The Iron Age remains a somewhat elusive period in Irish prehistory, although research is starting to throw more light on things. The first iron objects appear around 500BC and arguably represent efforts by native bronzesmiths to use a new metal rather than suggesting the arrival of new skilled ironworkers. The northern half of the country seems to have adopted the trappings of ‘Celtic’ Iron Age societies overseas, delighting in the new art style known as La Tène, but the metalwork is almost all native production with distinct differences to what is found overseas. The way that different types of artefacts are distributed across different parts of the country suggests the existence of regional power-blocks and a unique ritual and ceremonial culture developed here, epitomised by large ‘figure-of-eight’-shaped structures at Royal sites such as Tara, Emain Macha and Dún Ailline. These have no parallels overseas and clearly indicate a world view which evolved independently here.  Along with weapons and tools, horse-gear now appears in quantity, testifying to the use of horses for riding and traction. Great roads and trackways seem to connect territories and peoples, some running directly across the bogs themselves like the great chariot-road of Corlea in Longford. Other significant ‘public’ works are undertaken: a long, fortified frontier is constructed along the borders of Ulster and similar earthworks are constructed elsewhere.

 

At Emhain Macha (near Armagh) which features in the  early sagas as the great capital of Ulster and citadel of the  Red Branch Knights, an enormous timber building is  constructed.  Possibly roofed at one stage, it was then  ‘sacrificed’ by being filled with stone and set alight, before  being covered with a mound of earth.  It has been  suggested that from the sky this must have looked like a giant spoked wheel –  the symbol of the Celtic sun-god. We know almost precisely when this building was constructed, because an examination of the growth rings on the tree from which the huge central post was cut tells us it was felled sometime in late 95BC or early 94BC.  But Emhain Macha must have been important for centuries before that because one of the most remarkable finds in Irish archaeology is also from here, and dates to about 300 years
earlier: it is the skull of a Barbary Ape! How a Barbary Ape could end-up in the capital of the Kings of Ulster boggles the mind – a gift perhaps from someone who had travelled very far indeed, as these apes come from North Africa!

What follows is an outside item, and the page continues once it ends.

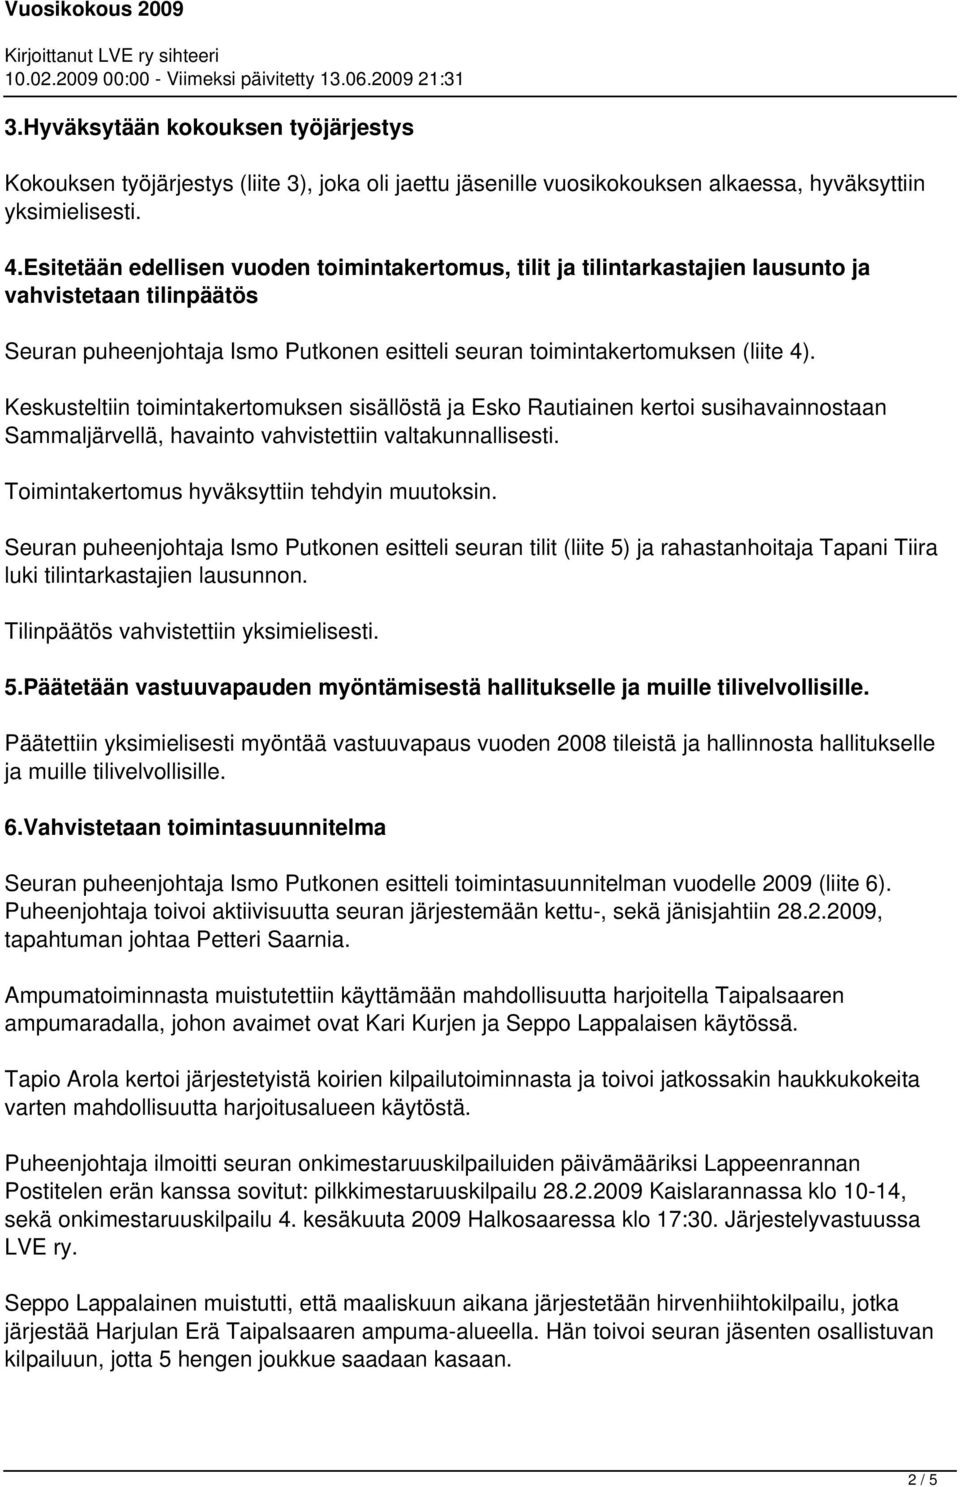 Keskusteltiin toimintakertomuksen sisällöstä ja Esko Rautiainen kertoi susihavainnostaan Sammaljärvellä, havainto vahvistettiin valtakunnallisesti. Toimintakertomus hyväksyttiin tehdyin muutoksin.
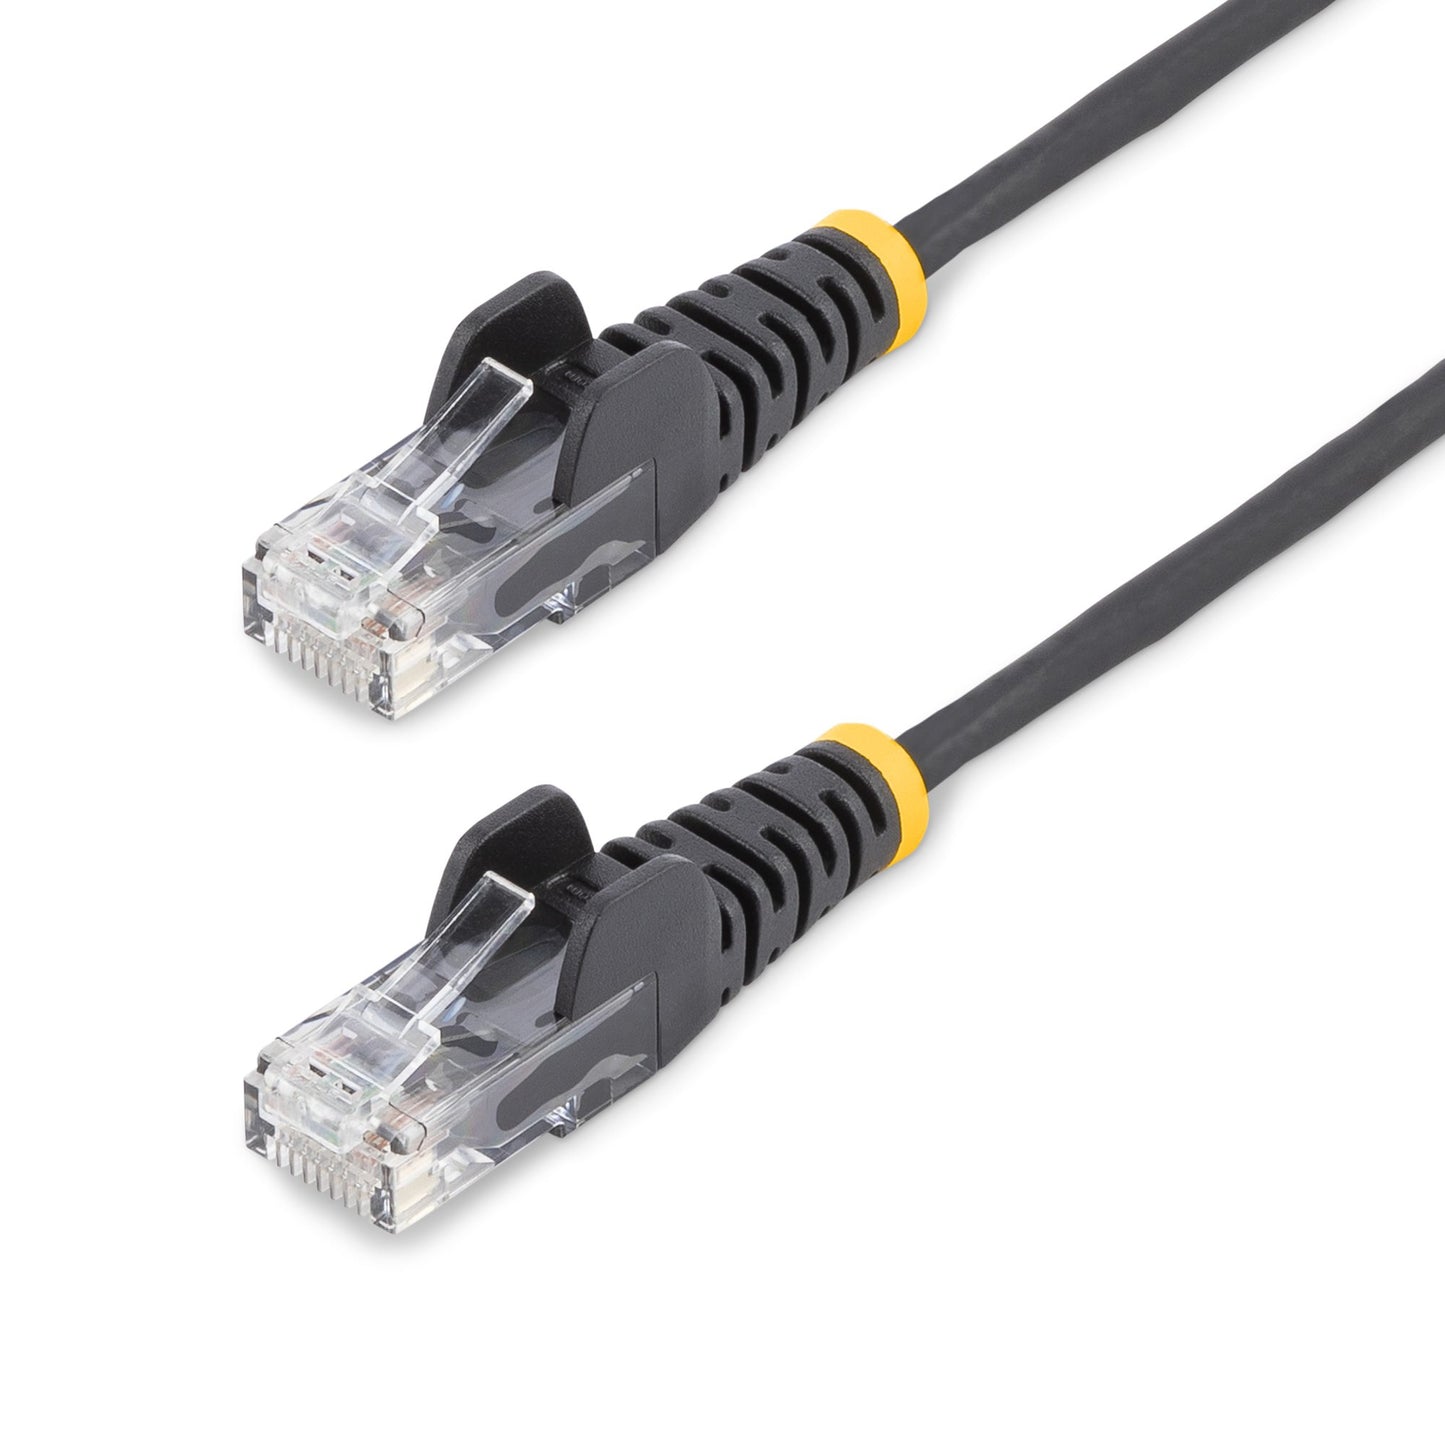 StarTech.com 2 m CAT6 Cable - Slim - Snagless RJ45 Connectors - Black-0

Despite what is often thought, there is no evidence for any Celtic ‘invasion’ of Ireland around this time and what evidence there is – archaeological, linguistic and genetic – suggests broad continuity from the late Bronze Age societies. However, it is also clear that Ireland was in close contact with other parts of Europe, particularly Britain, and an early map of Ireland dating from c.100AD suggests the presence here of tribes with unmistakably Celtic names. There are also a number of intrusive burials – burials of British Celts and burials of Romans or Romanised Britons – but these are exceptions not the rule.

That said, by the time our first written records appear in the form of carved Ogham inscriptions, around 350AD, it is clear that at least one of the languages being spoken here was an early form of Irish.  There may well have been other languages as well, but Irish came to dominate entirely. Irish is a ‘Celtic’ language, but it is not of the type spoken in Britain. How and when the language got here and how it came to dominate so completely, remains a total mystery.